Coping with an Invisible Illness

It isn’t something I particularly talk about…mostly because I don’t see the point but after thinking about it; it is important to talk about it. I have a type of arthritis in my lower back called ankylosing spondylitis. It essentially means I’m in a lot of pain…pretty much all of the time. Eventually, my spine will fuse together which may well mean I am immobile or wheelchair bound…hence why I don’t tend to talk about it!

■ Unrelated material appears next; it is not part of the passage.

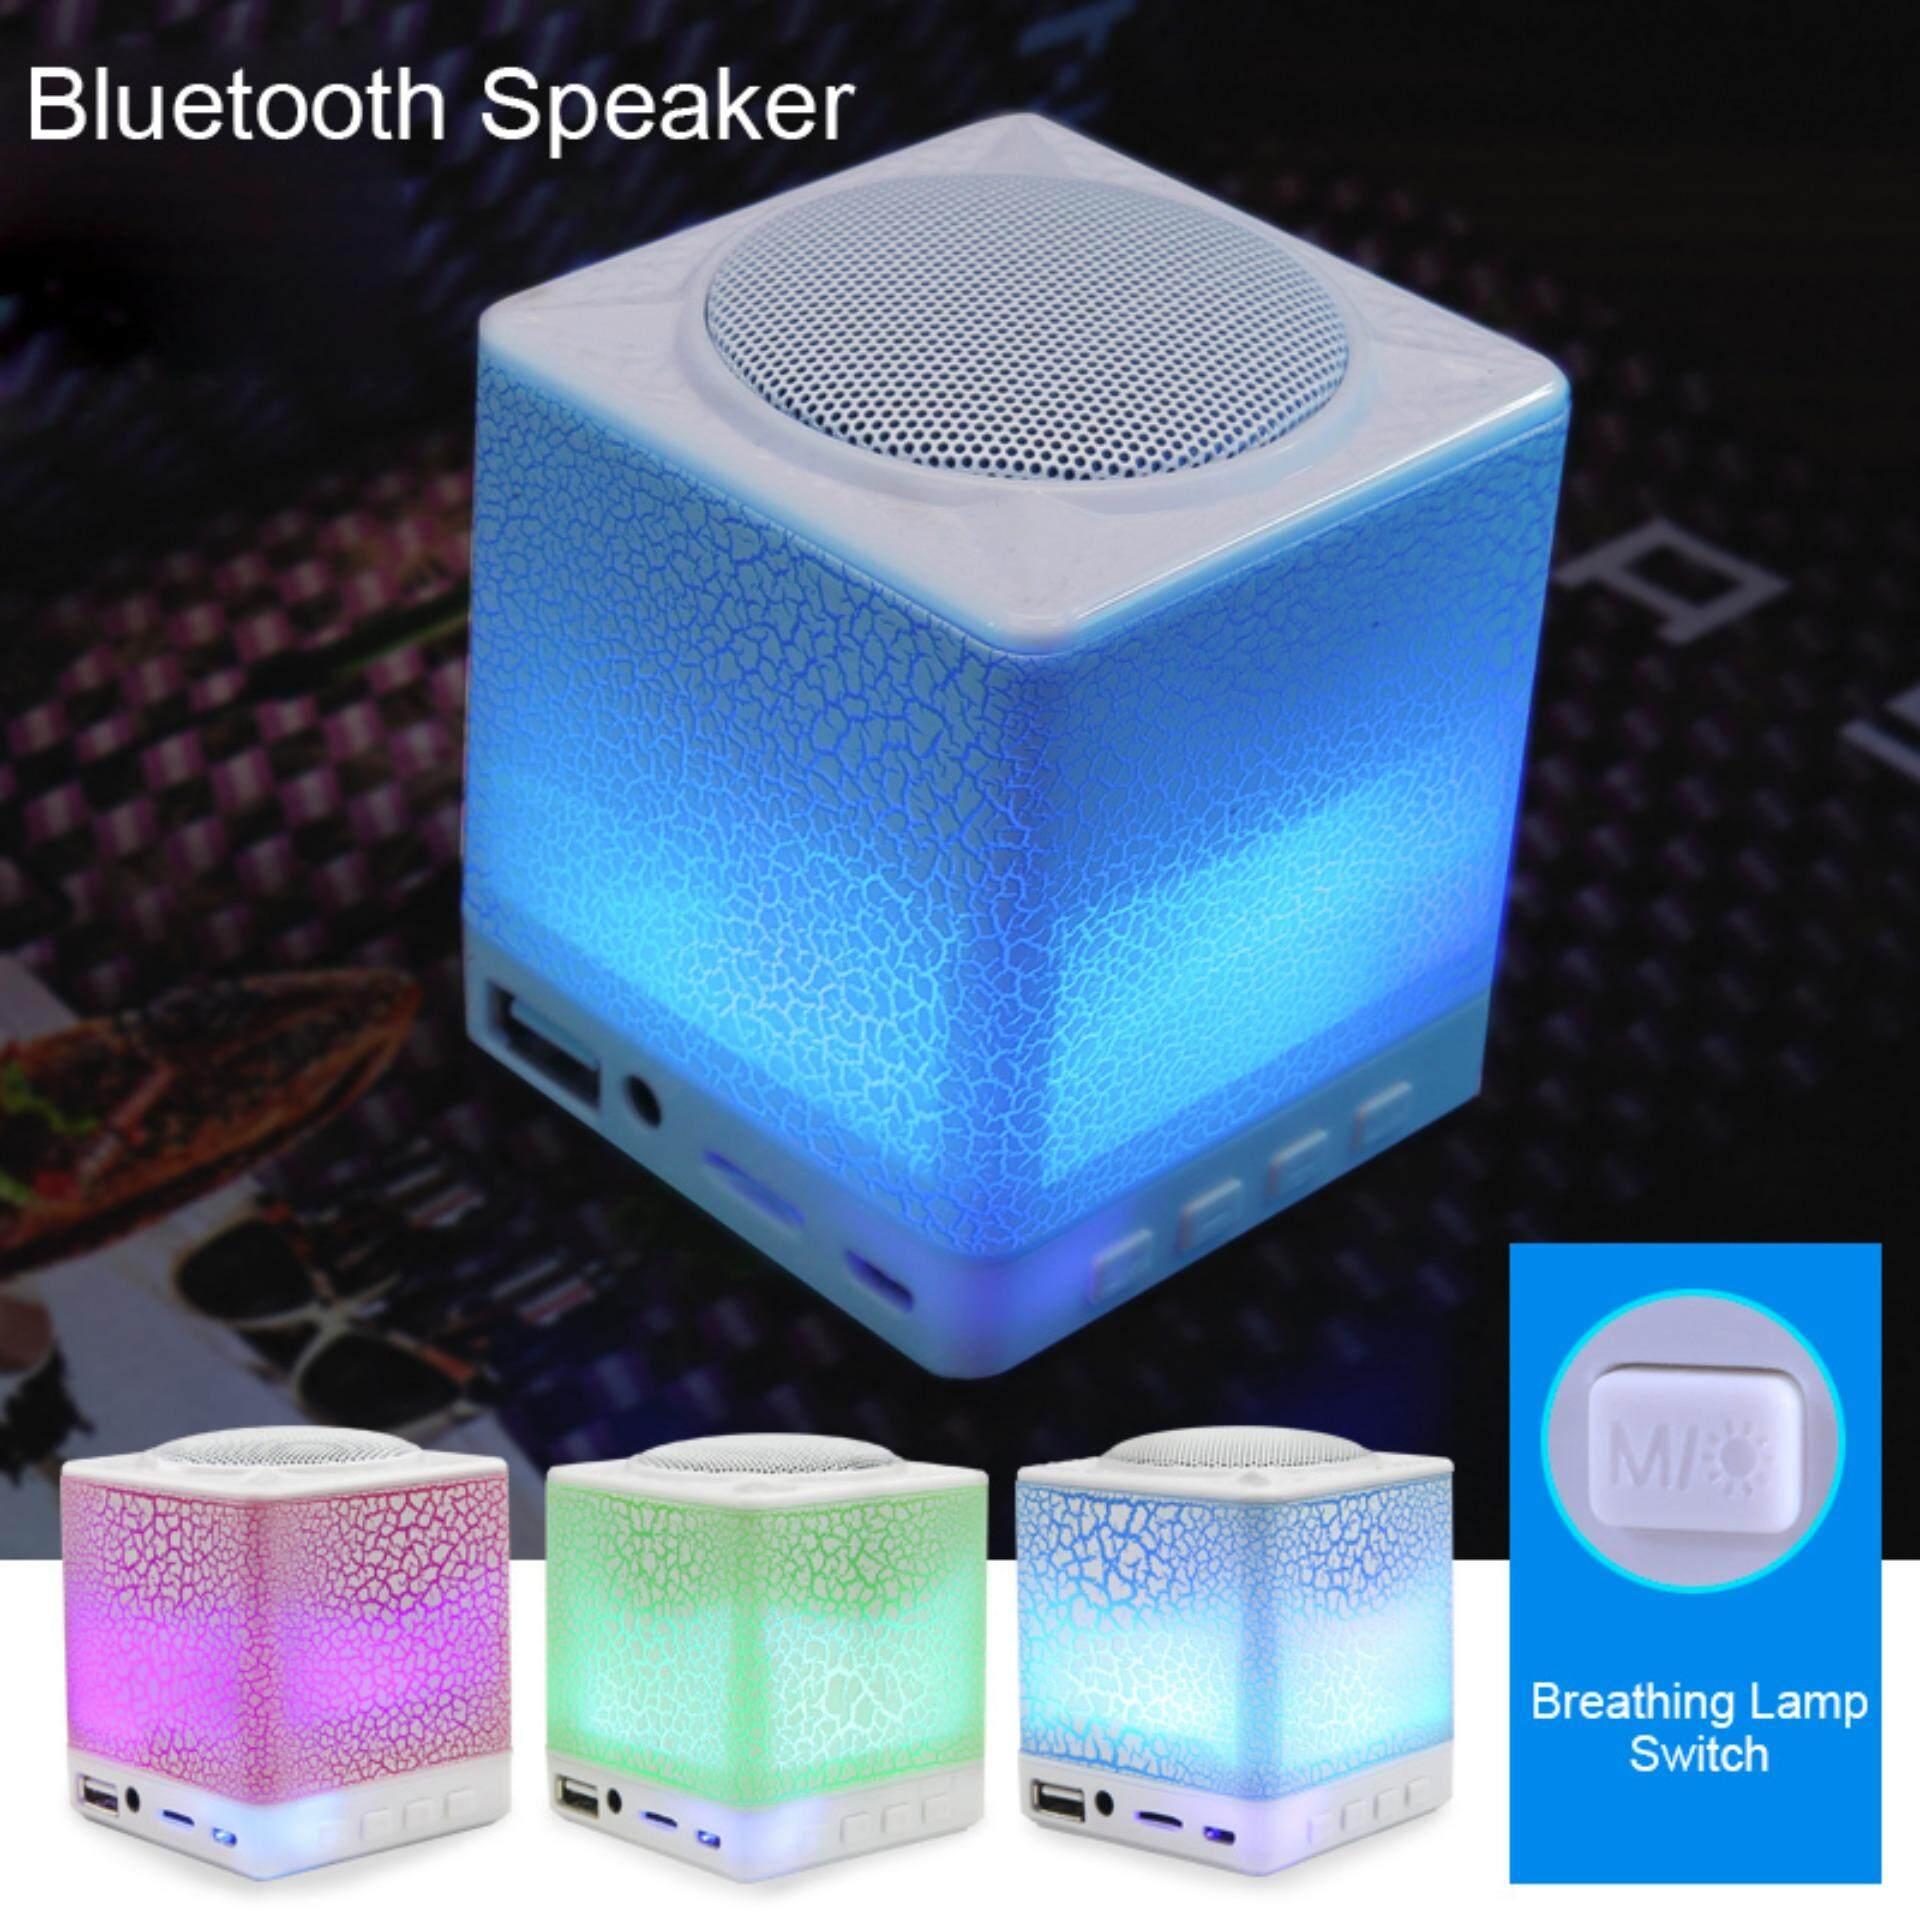 Kotak Pandora Portable Mini Wirelss Lampu Speaker Bluetooth Stereo HD Kotak Suara Musik Ultralight USB Input untuk Ponsel dengan 3.5 Mm Kabel Audio Telepon Speaker Shower Mobil home Outdoor Musik Interior Cahaya Lampu Hias

Having said that, I am yet to meet any other teachers in a similar position.


If you are in a similar position, I would love to hear from you! For now though, I’ve put together a list of things that I have found useful through my very limited experience…


Read up on Spoon Theory

Spoon Theory is a great way to think about managing your energy throughout the day or week. The important thing to remember is that everyone differs on the amount of ‘spoons’ they use for each activity. For example, going to work would cost me 6 spoons which doesn’t leave me much for the rest of the day. However, it is a useful little tool to keep in mind!

occupational health

Talk to Occupational Health

Occupational health are there to help…nobody is going to shout at you for asking for help! In your school, it may be called something a little different. For example, I talked to our Health and Safety officer as well as the site team. I reached out to occupational health and got a new desk chair. It may seem quite a small adjustment but it has made such a difference to my pain levels throughout the day.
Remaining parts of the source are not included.